__ABOUT THIS TASK__: Everything from the line containing "Saviland 5 oz" through the final line below must be output exactly, both ends included, with nothing else and no pictures.

__GIVEN DATA__:
+++

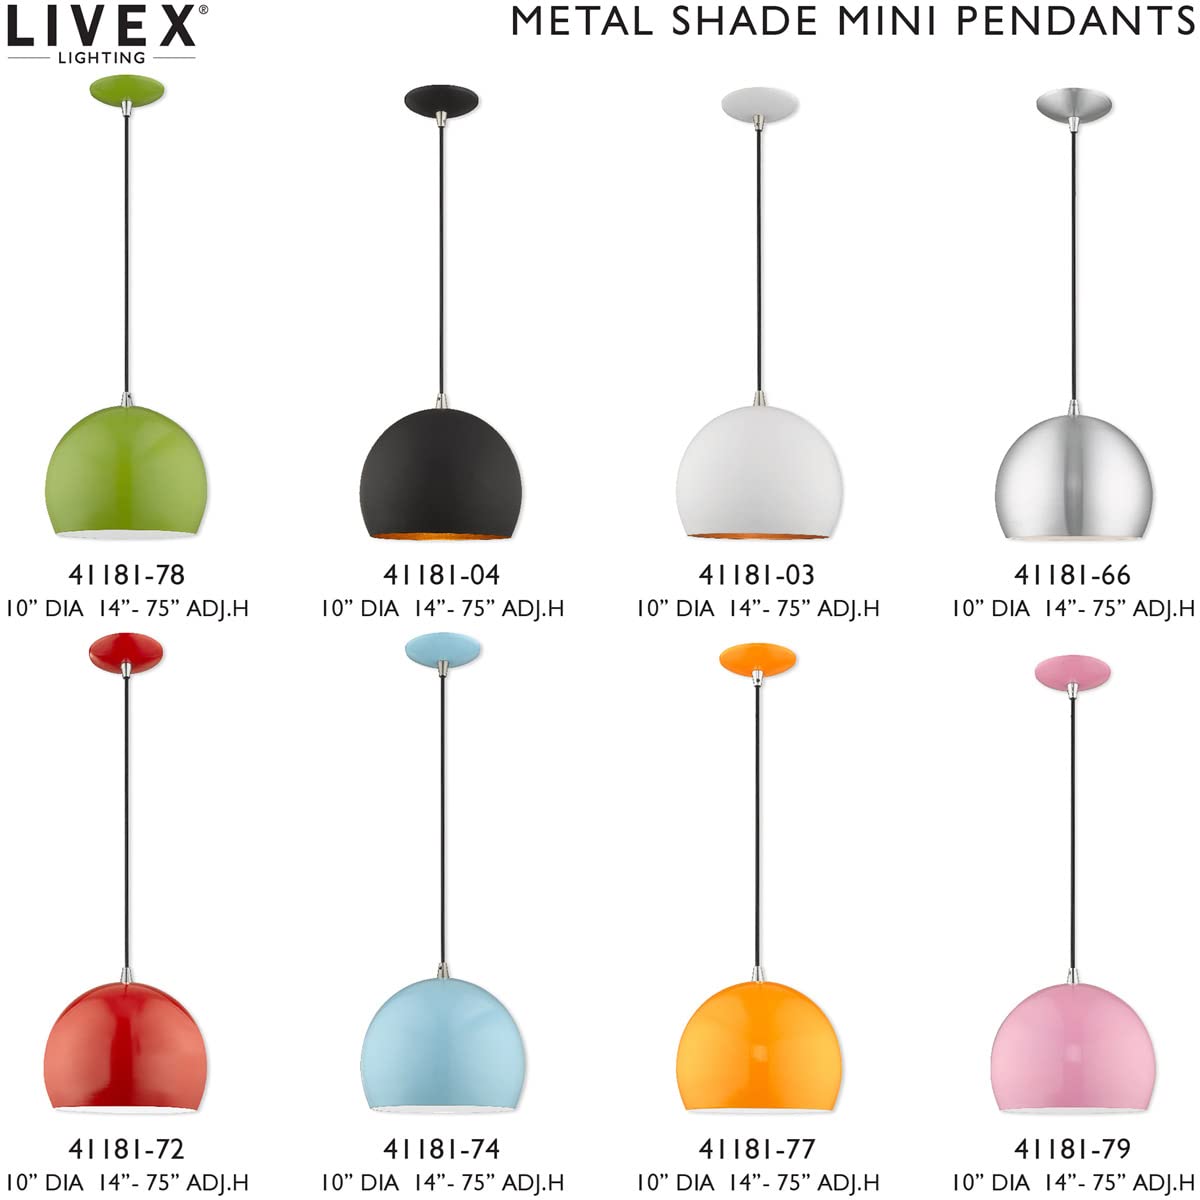 Livex Lighting 41181-77 Metal Shade - 10" One Light Mini Pendant, Shiny Orange Finish with Shiny Orange Metal/Shiny White Shade
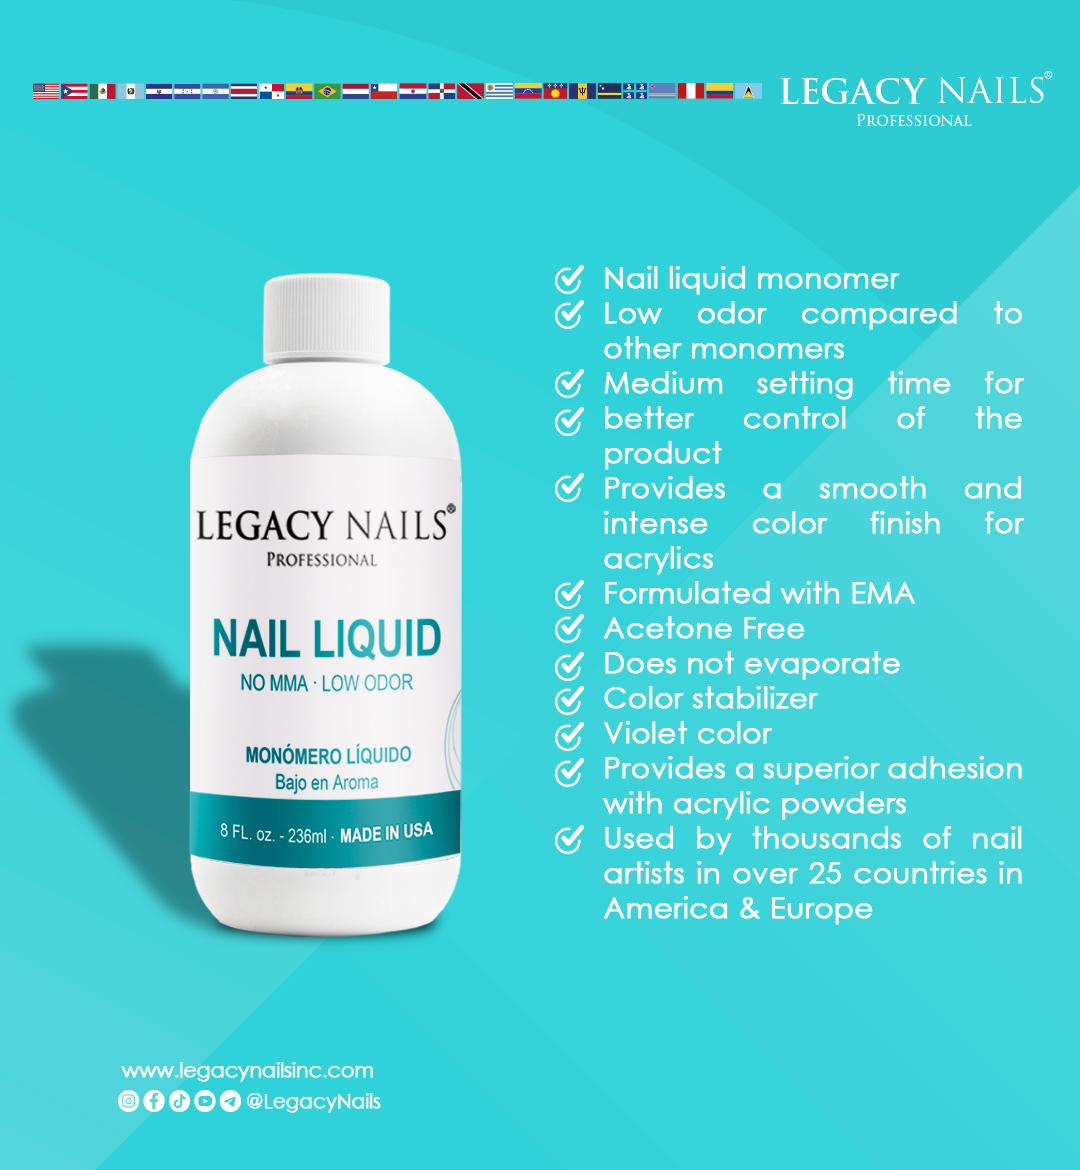 Saviland 5 oz Monomer Acrylic Nail Liquid - Professional Acrylic Nail Liquid  Polymer Professional Use At Home Acrylic Nail System for Acrylic Powder  Long-lasting Flexible Acrylic Monomer Liquid
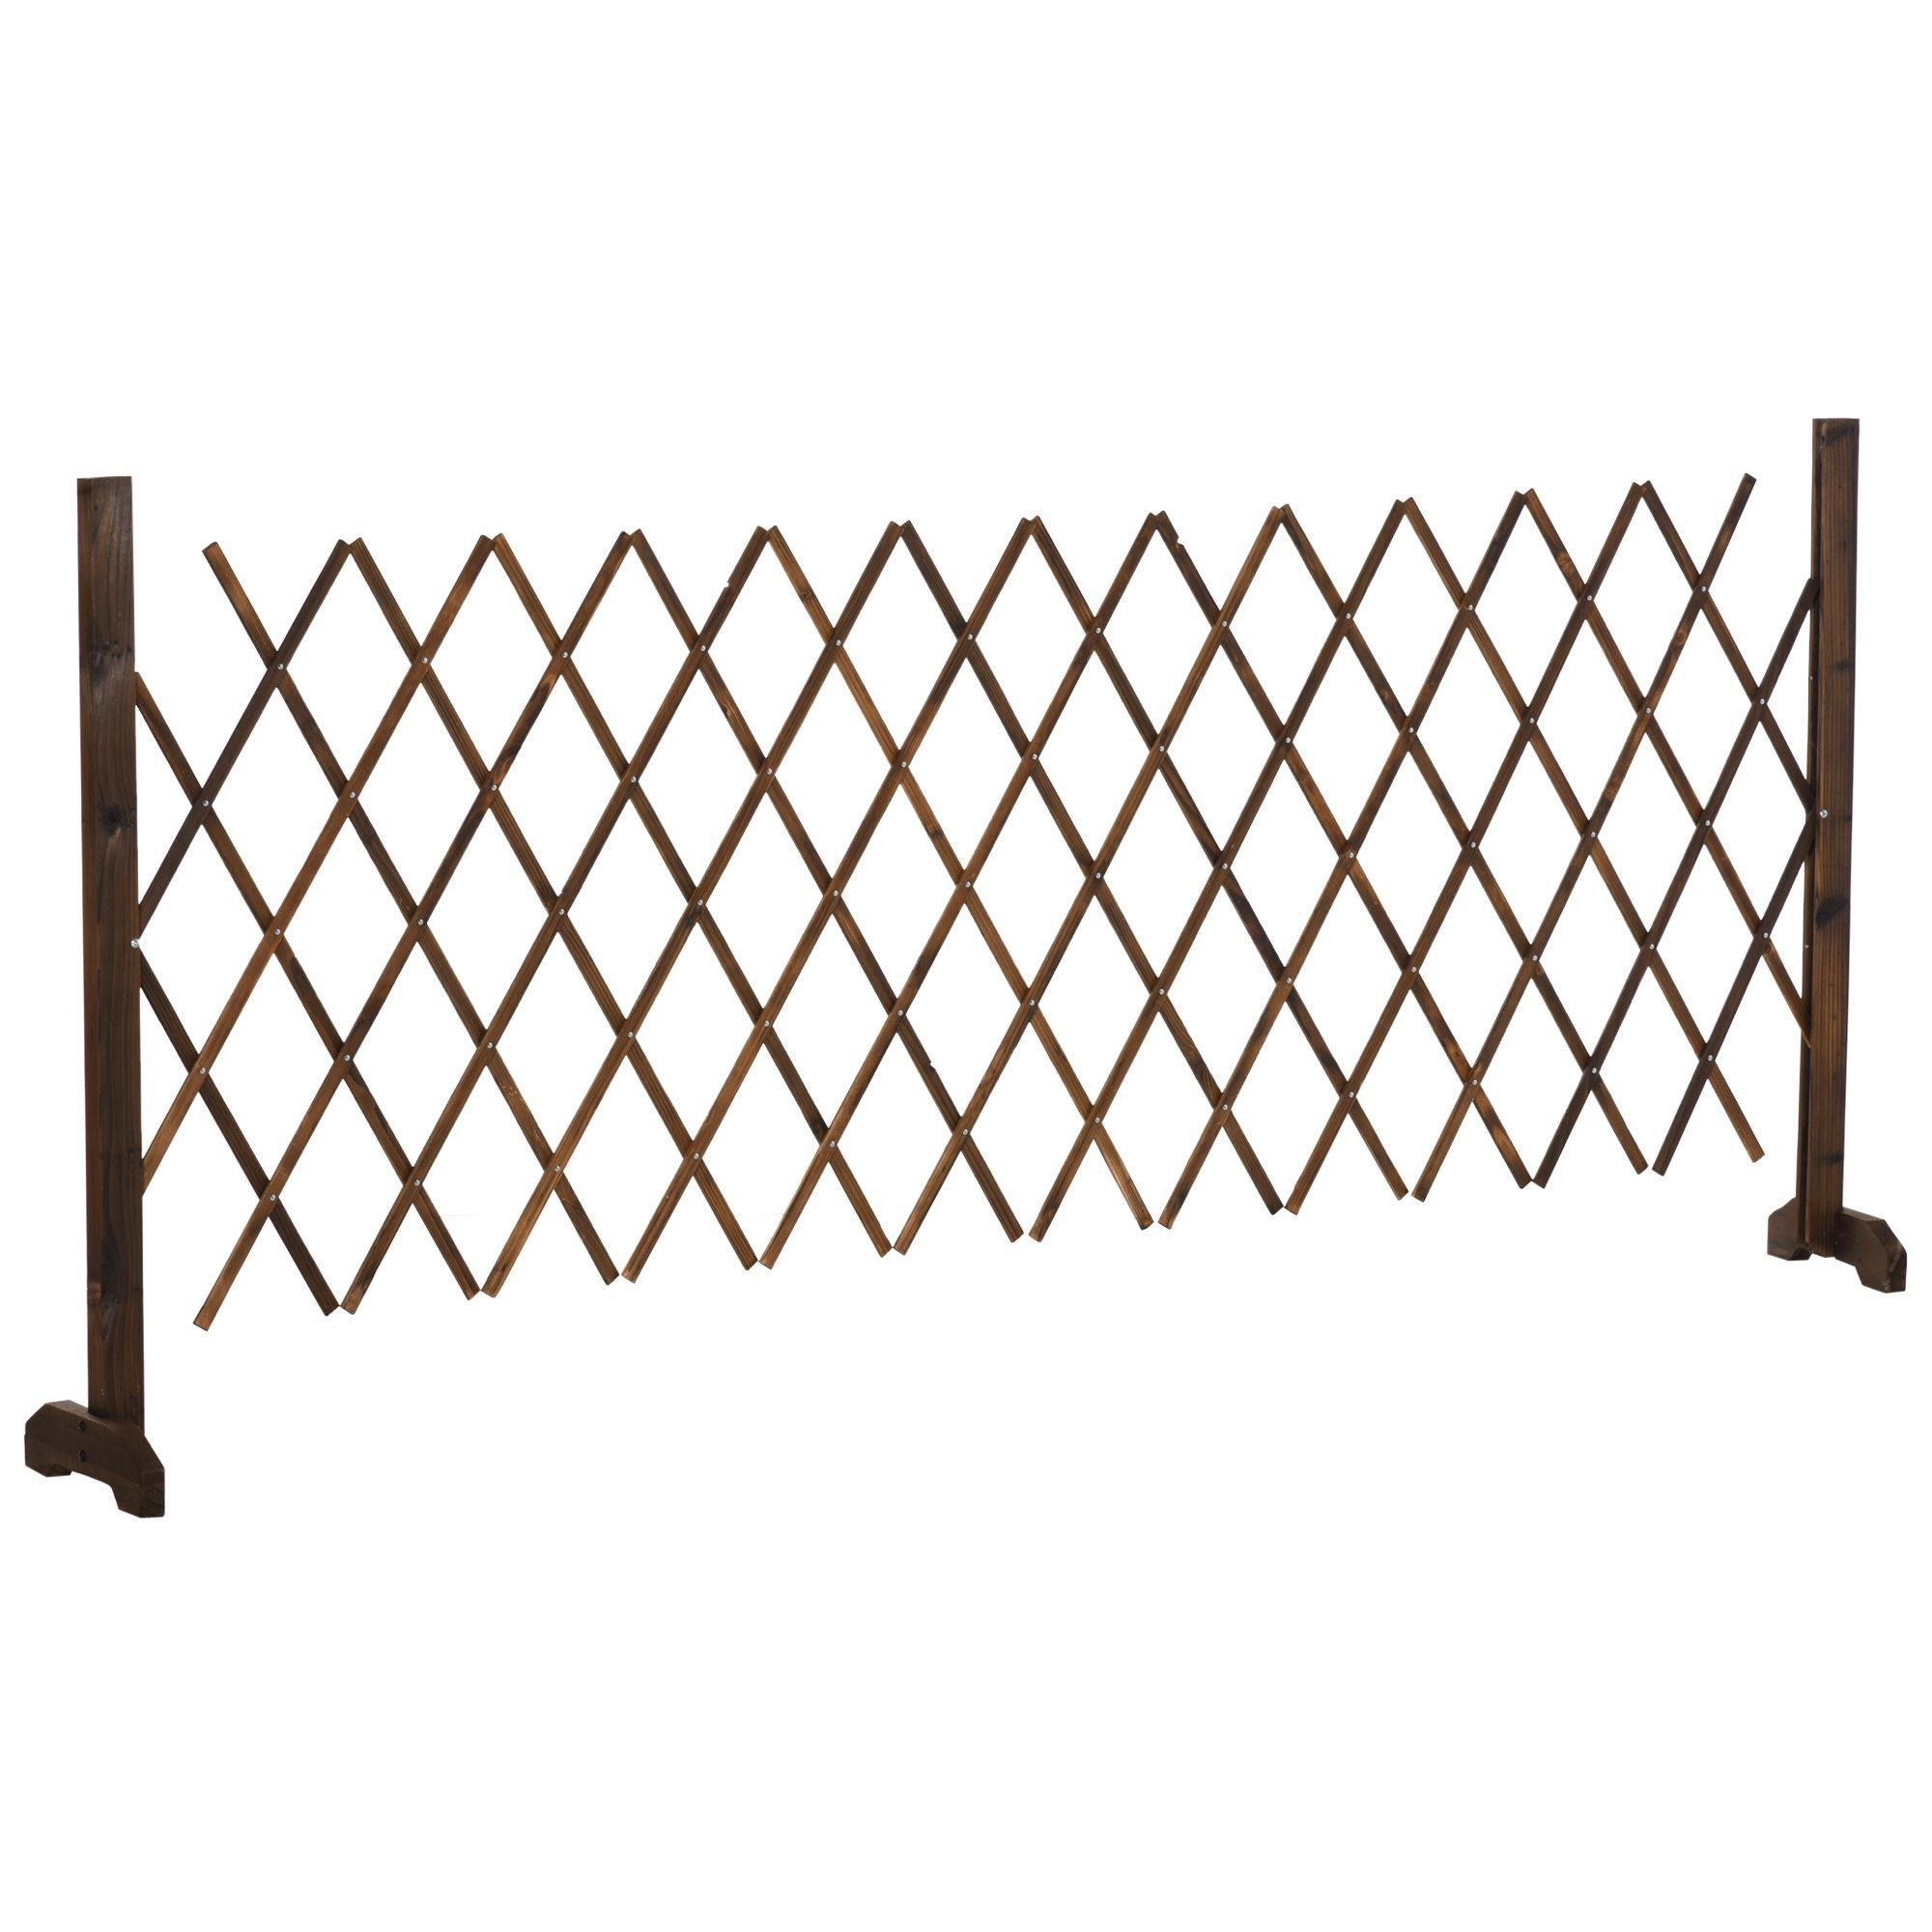 Expanding Garden Fencing Freestanding Wooden Movable Fence Trellis, Dark Brown - image 1

+++

__RESPONSE TO THE TASK__:
 Saviland 5 oz Monomer Acrylic Nail Liquid - Professional Acrylic Nail Liquid  Polymer Professional Use At Home Acrylic Nail System for Acrylic Powder  Long-lasting Flexible Acrylic Monomer Liquid
 Expanding Garden Fencing Freestanding Wooden Movable Fence Trellis, Dark Brown - image 1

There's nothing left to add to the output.